# Work order
Return all of the data verbatim, dropping any picture.

# Data block
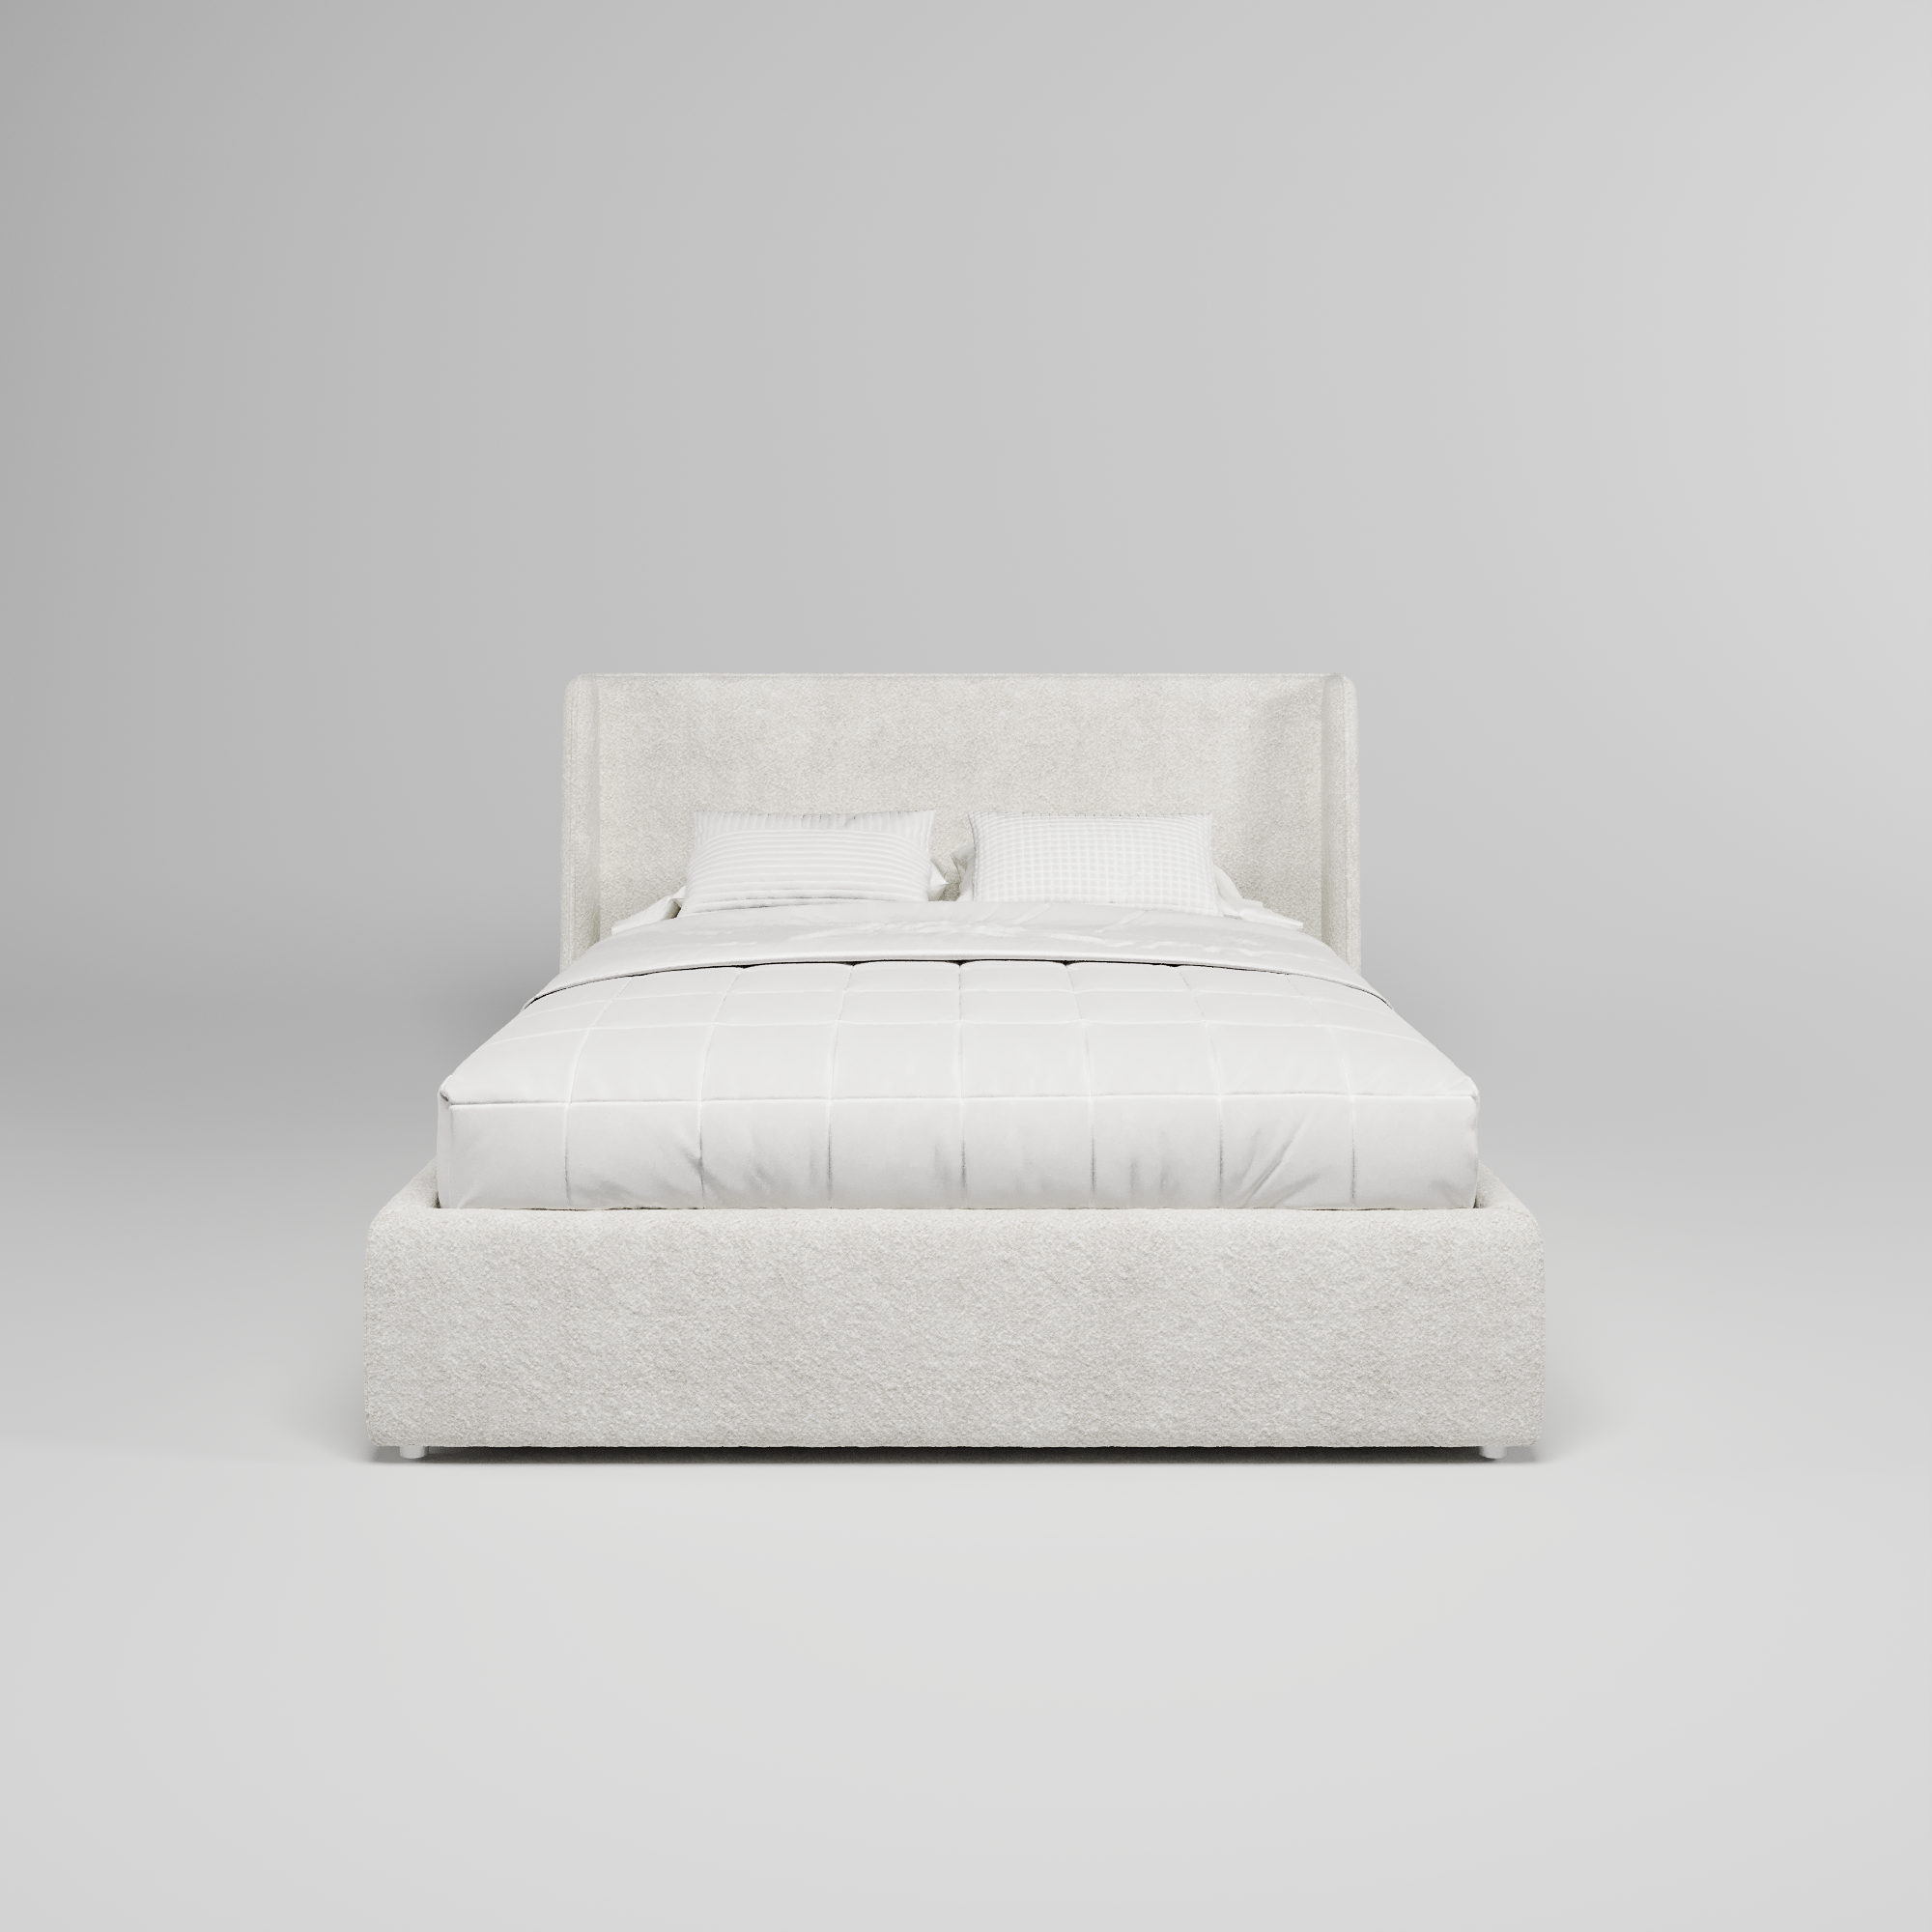 Кровать двуспальная мягкая Lora с подъемным механизмом, 160x200
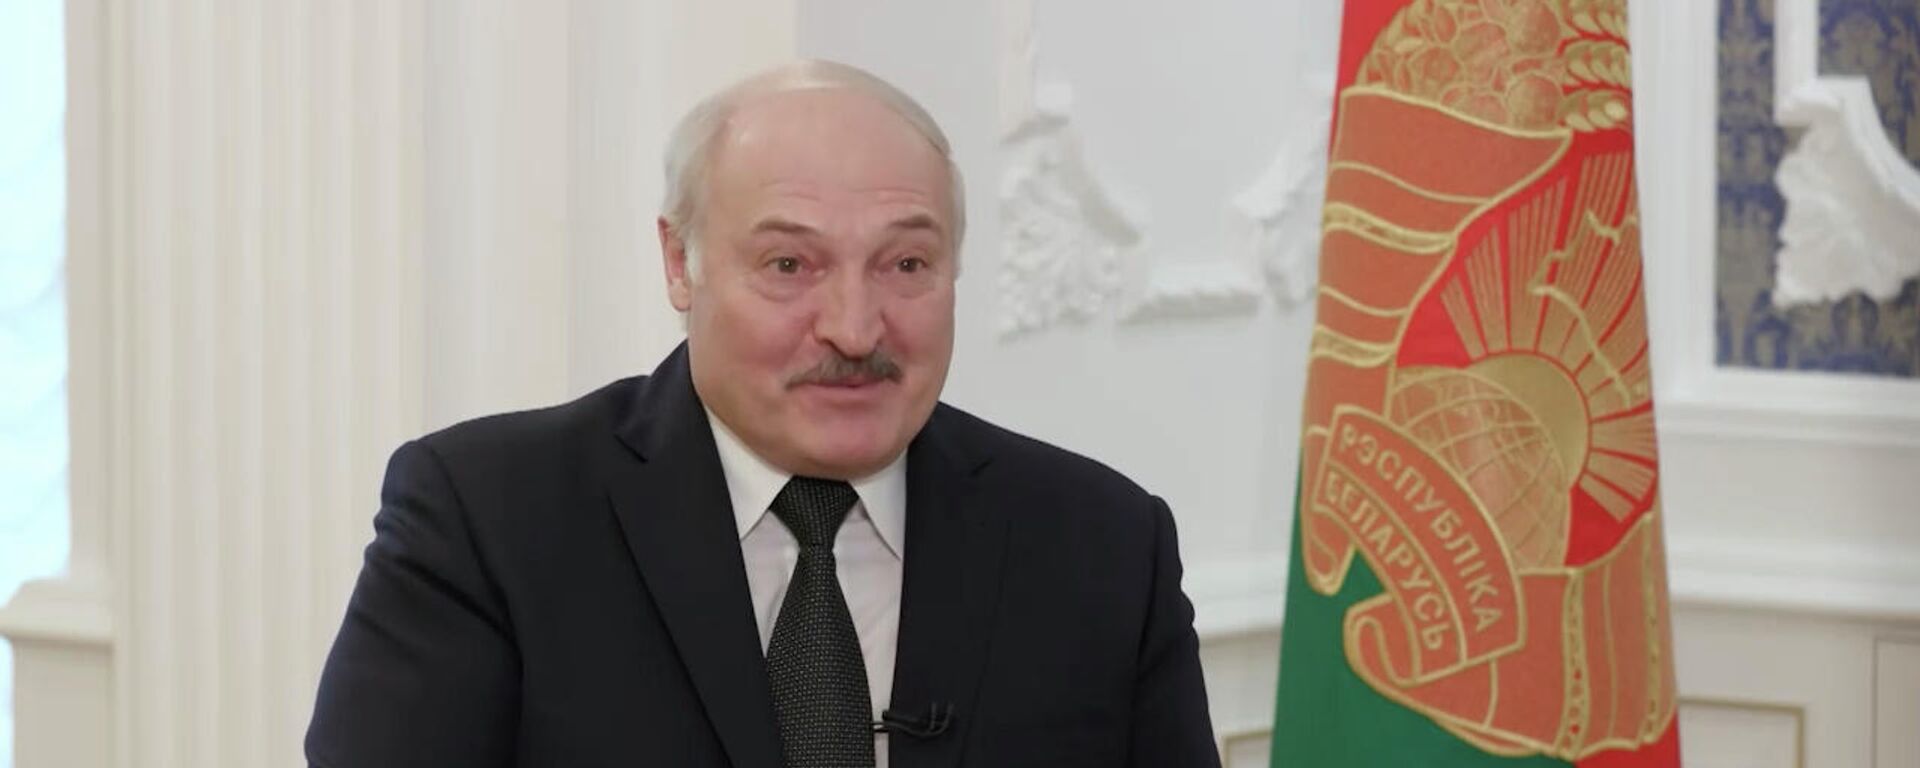 Лукашенко рассказал, чем они похожи с Путиным - видео  - Sputnik Беларусь, 1920, 13.11.2021
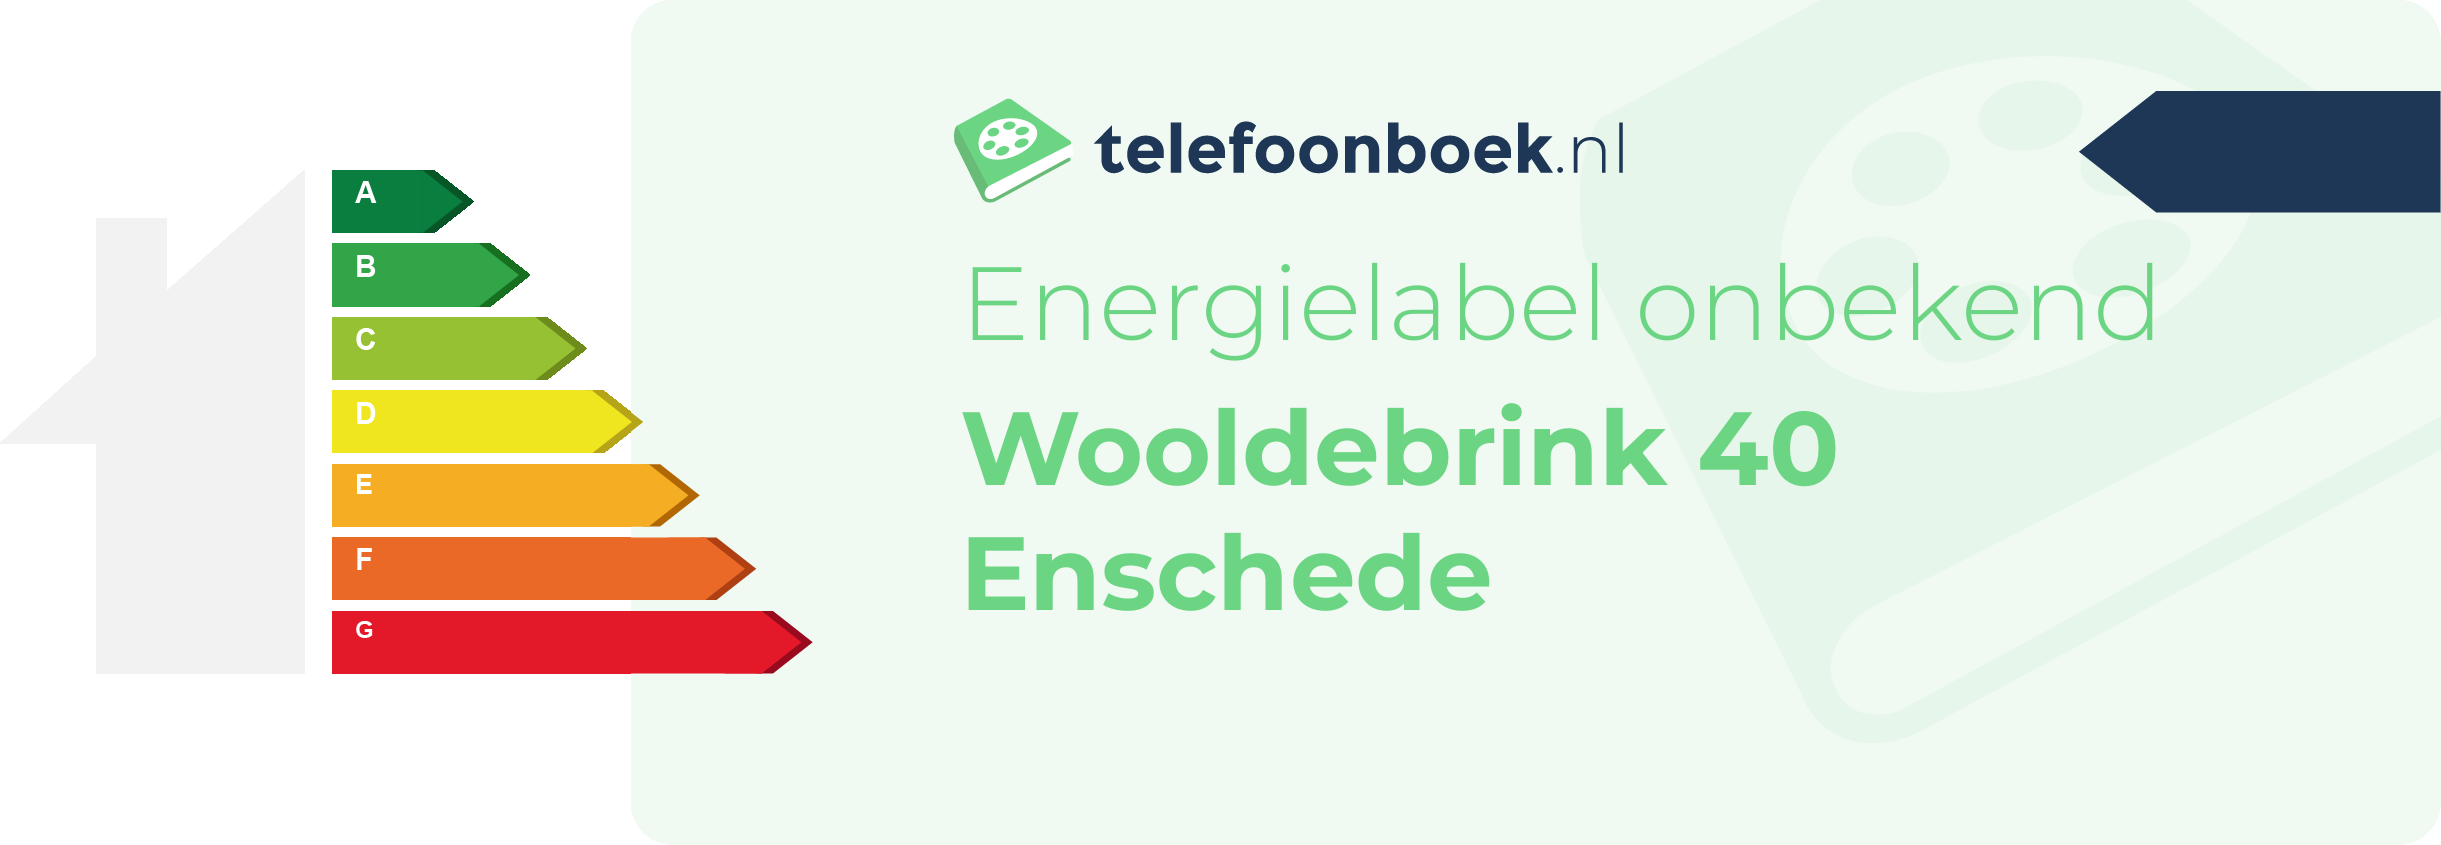 Energielabel Wooldebrink 40 Enschede
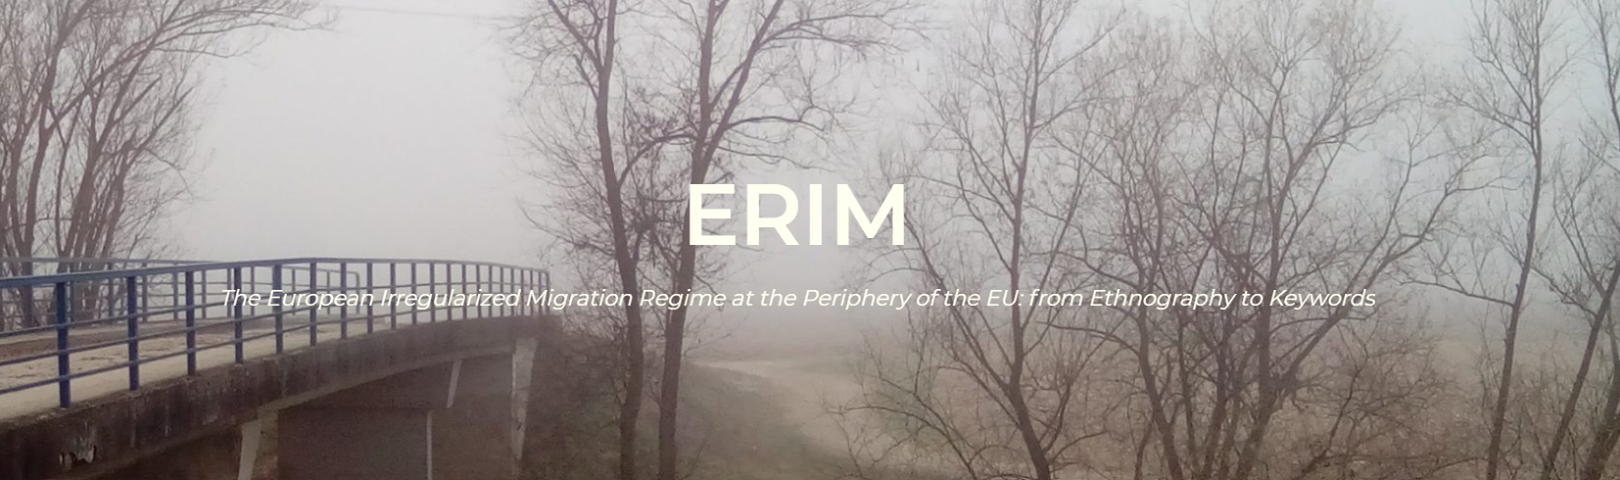 Poziv na predstavljanje e-ERIMA u Beogradu

# Response for this exercise
 Кровать двуспальная мягкая Lora с подъемным механизмом, 160x200
 Лукашенко рассказал, чем они похожи с Путиным - видео  - Sputnik Беларусь, 1920, 13.11.2021
 Energielabel Wooldebrink 40 Enschede
 Poziv na predstavljanje e-ERIMA u Beogradu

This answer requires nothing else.